Hélas ! Et Mme Roland qui se fait presque minaudière et régence pour parler des Grâces et de Bachaumont accablait Danton de sa pruderie ! Comme l’esprit de parti et de coterie a des ressources profondes d’hypocrisie, même dans les âmes droites et nobles !

C’est un roman pitoyable que Louvet porta à la tribune ; et il tenta en vain d’imiter le bruit de la foudre en secouant des grelots fêlés. Dans ce corps à corps suprême avec Robespierre, il fallait des coups droits et sûrs, des accusations précises, des faits certains. Il ne fit que ressasser les vagues accusations de dictature, il reprocha à Robespierre son influence aux Jacobins ; et quand il voulut préciser, ses griefs ou furent misérables ou furent faux. Écoutez un des crimes de Robespierre : c’est d’avoir été prendre séance après le Dix Août, au Conseil général de la Commune provisoire dont Louvet lui-même faisait partie :

« Représentants du peuple, une journée à jamais glorieuse, celle du Dix Août, venait de sauver la France. Deux jours encore s’étaient écoulés ; membre de ce Conseil général provisoire (Murmures), j’étais à mes fonctions, un homme entre, et tout à coup il se fait un grand mouvement dans l’assemblée. Je regarde, et j’en crois à peine mes yeux… c’était lui, c’était Robespierre. Il venait s’asseoir au milieu de nous. Je me trompe, il était déjà allé se placer au bureau ; depuis il n’y avait plus d’égalité pour lui. »

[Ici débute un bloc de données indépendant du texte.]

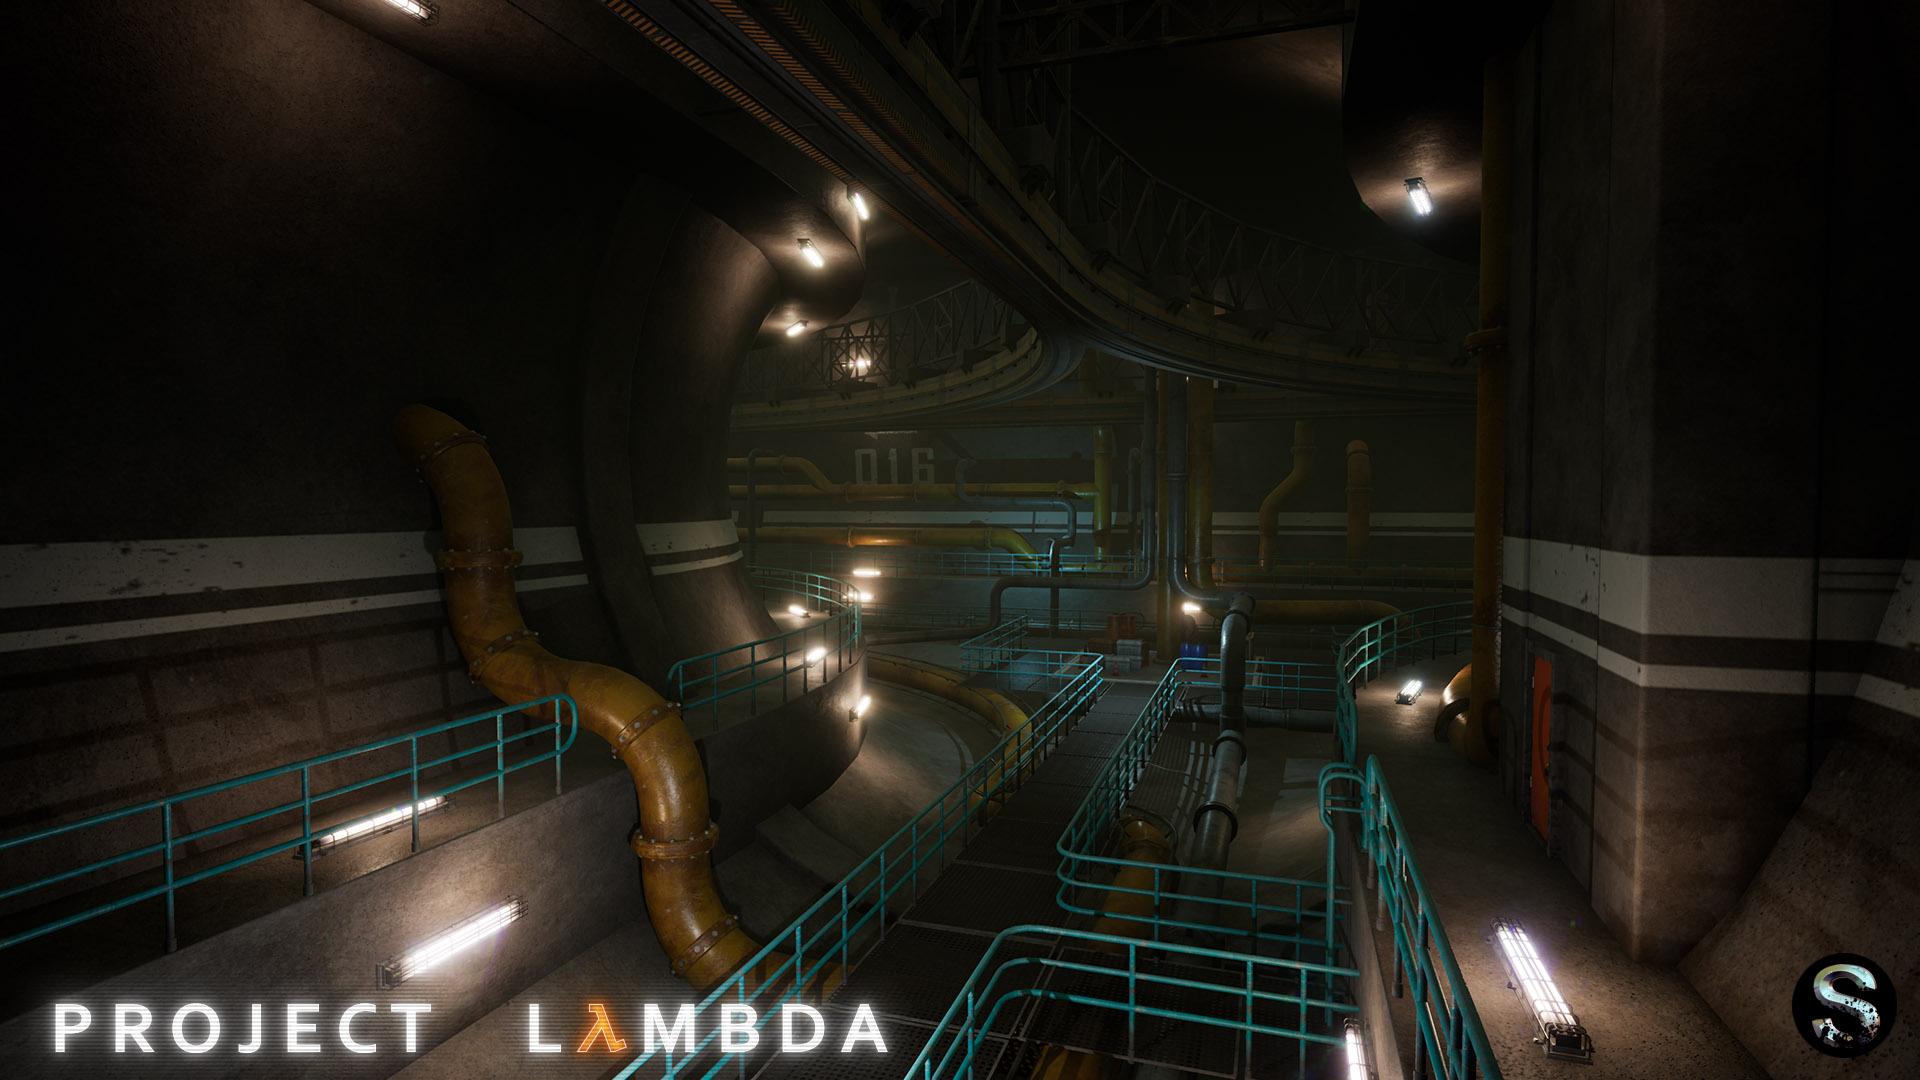 Фанаты опубликовали скриншоты ремейка Half-Life на Unreal Engine 4

Que penser de l’enfantillage de ce trait de Louvet ! Mais voici une accusation plus redoutable… si elle est vraie :

« L’Assemblée législative, elle, était journellement tourmentée, méconnue, avilie, par un insolent démagogue qui venait à la barre lui ordonner des décrets, qui ne retournait au Conseil général que pour la dénoncer, qui revenait jusque dans la Commission des vingt-et-un, menacer du tocsin… »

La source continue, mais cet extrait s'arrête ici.